[[ Data, beginning ]]
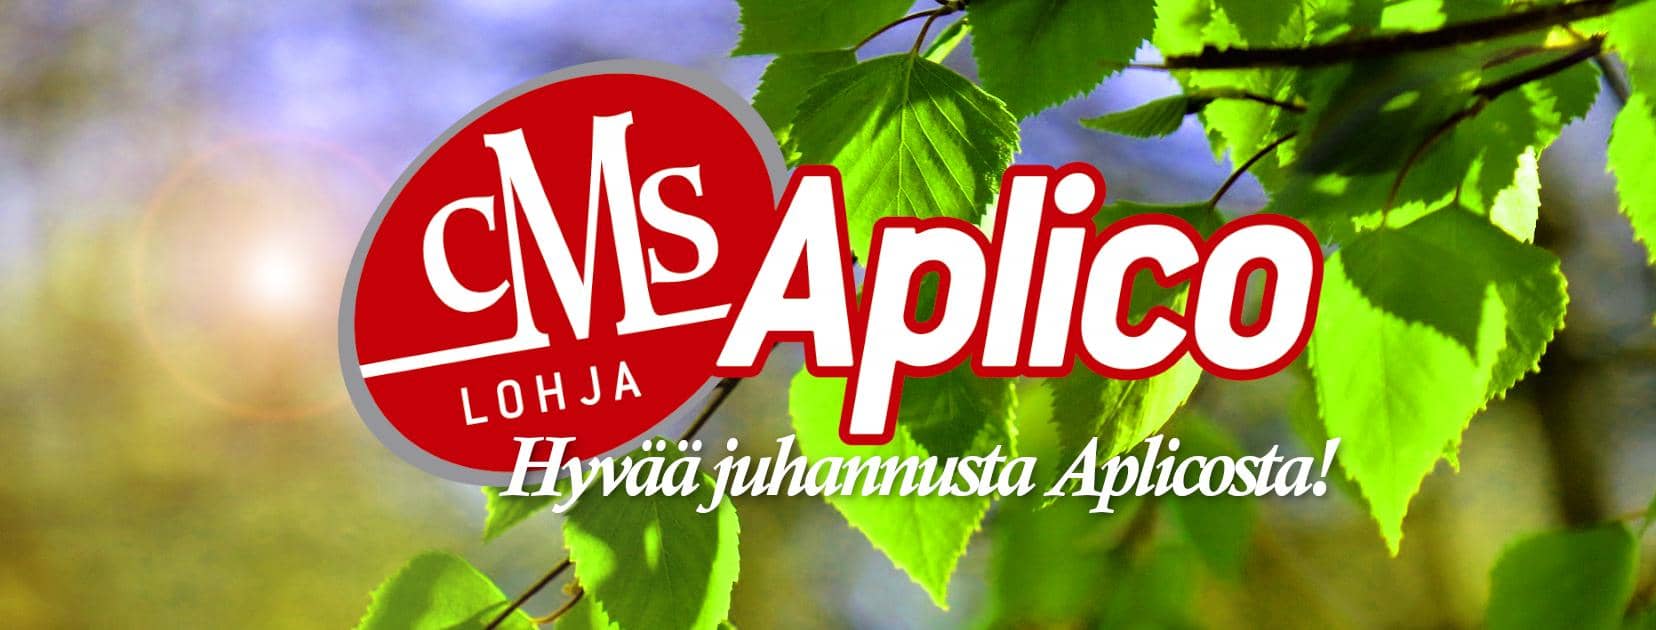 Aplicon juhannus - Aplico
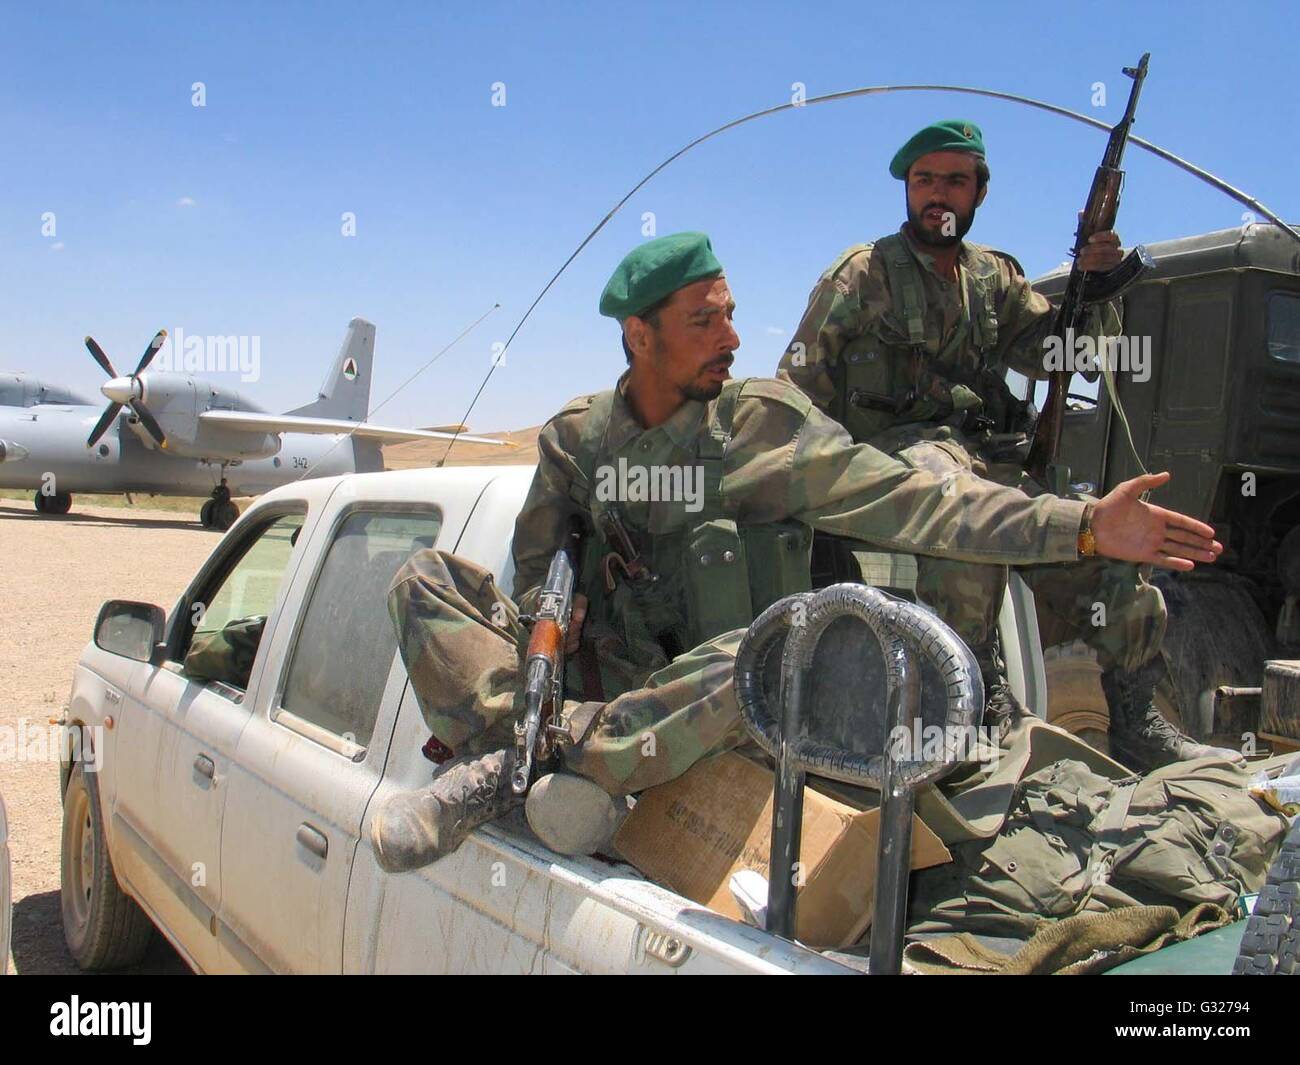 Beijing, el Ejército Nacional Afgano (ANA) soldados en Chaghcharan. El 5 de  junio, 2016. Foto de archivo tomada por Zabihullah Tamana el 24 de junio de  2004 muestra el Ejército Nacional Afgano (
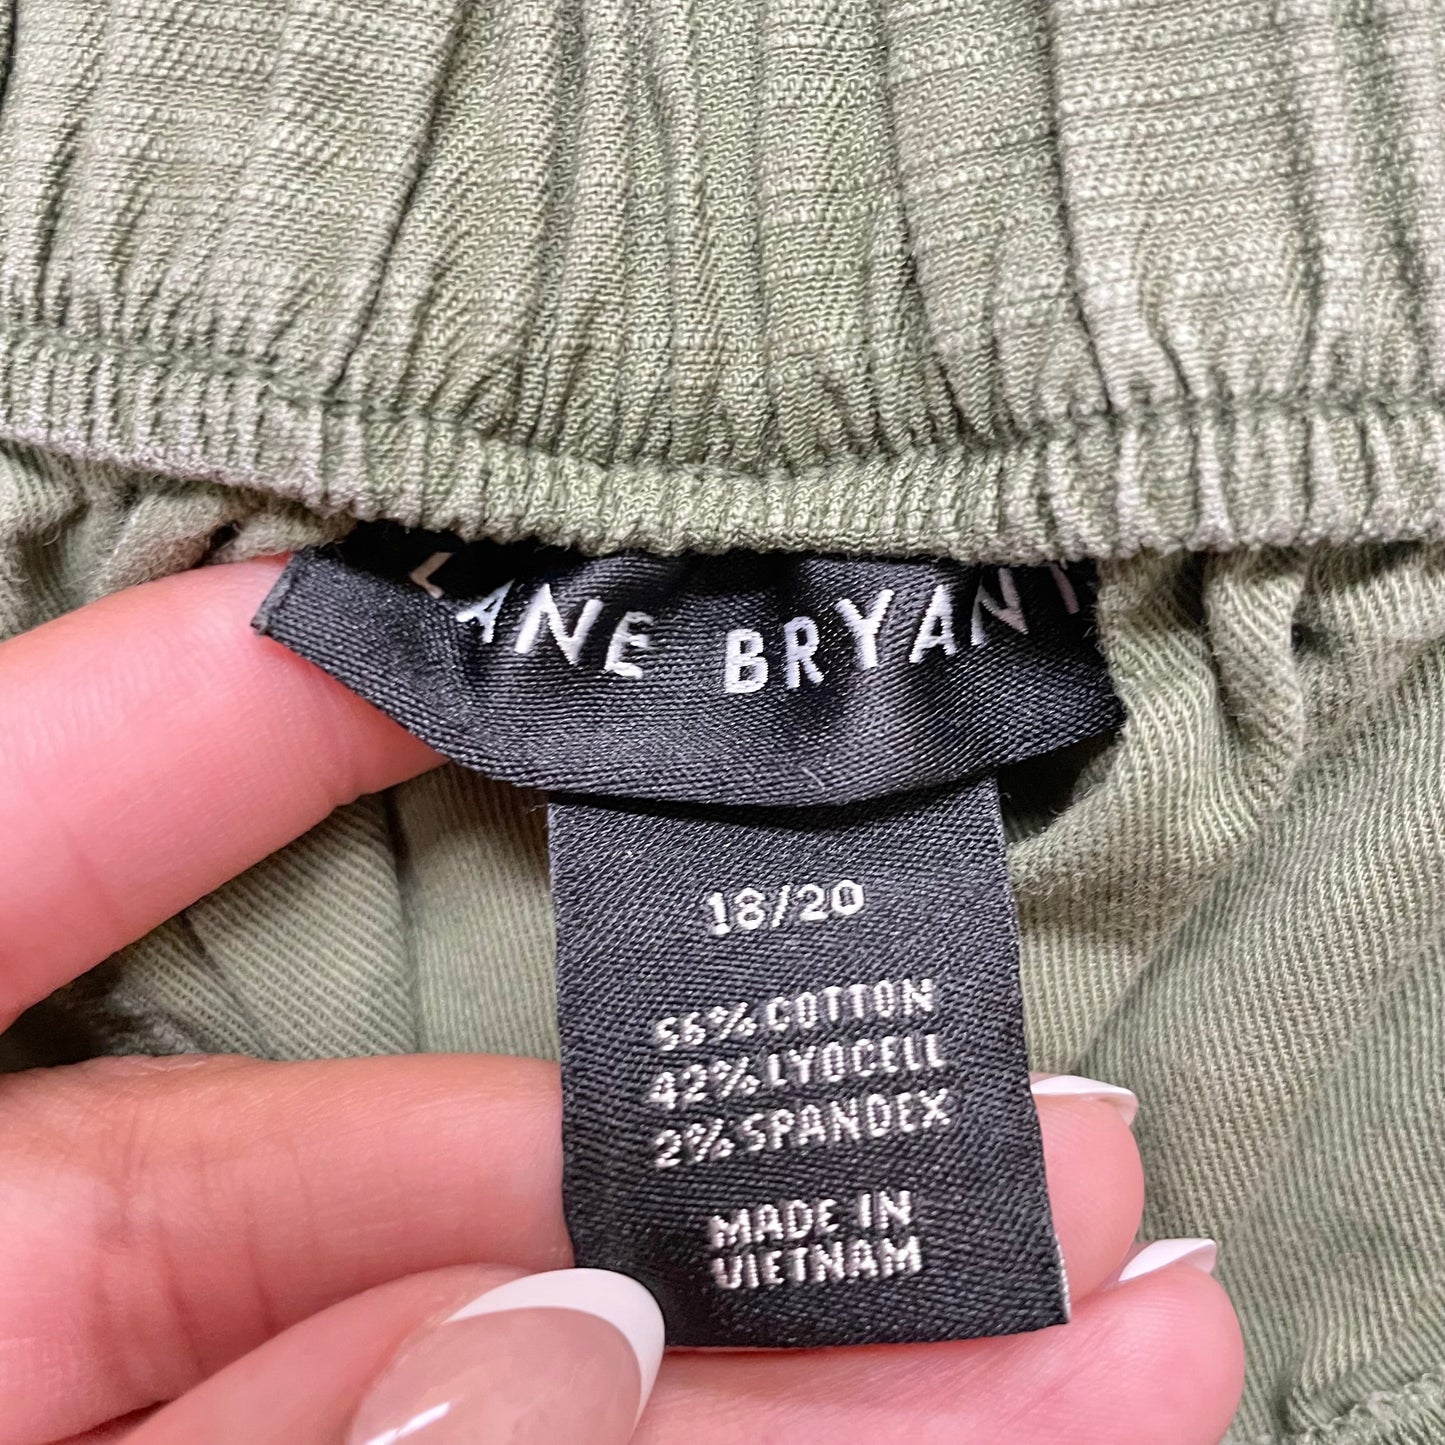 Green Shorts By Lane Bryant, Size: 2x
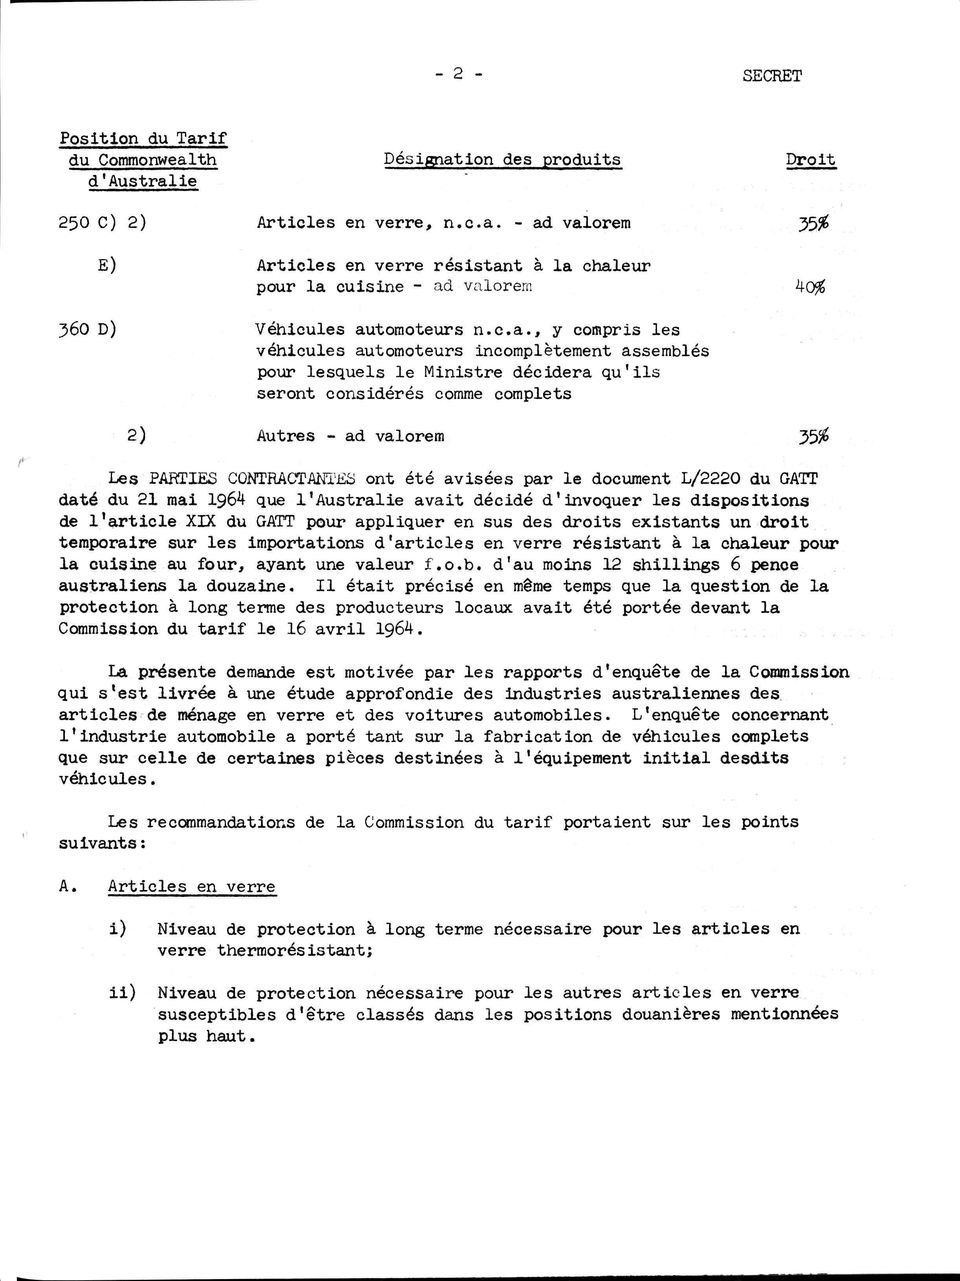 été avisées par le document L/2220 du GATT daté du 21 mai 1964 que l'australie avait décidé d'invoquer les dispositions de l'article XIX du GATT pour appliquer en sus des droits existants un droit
[[ Data, end ]]
Lines from the one that contains "Beijing, el Ejército" to the final line of the material are the whole answer. Reproduce them word for word and skip the pictures.

 Beijing, el Ejército Nacional Afgano (ANA) soldados en Chaghcharan. El 5 de  junio, 2016. Foto de archivo tomada por Zabihullah Tamana el 24 de junio de  2004 muestra el Ejército Nacional Afgano (
 Green Shorts By Lane Bryant, Size: 2x
 été avisées par le document L/2220 du GATT daté du 21 mai 1964 que l'australie avait décidé d'invoquer les dispositions de l'article XIX du GATT pour appliquer en sus des droits existants un droit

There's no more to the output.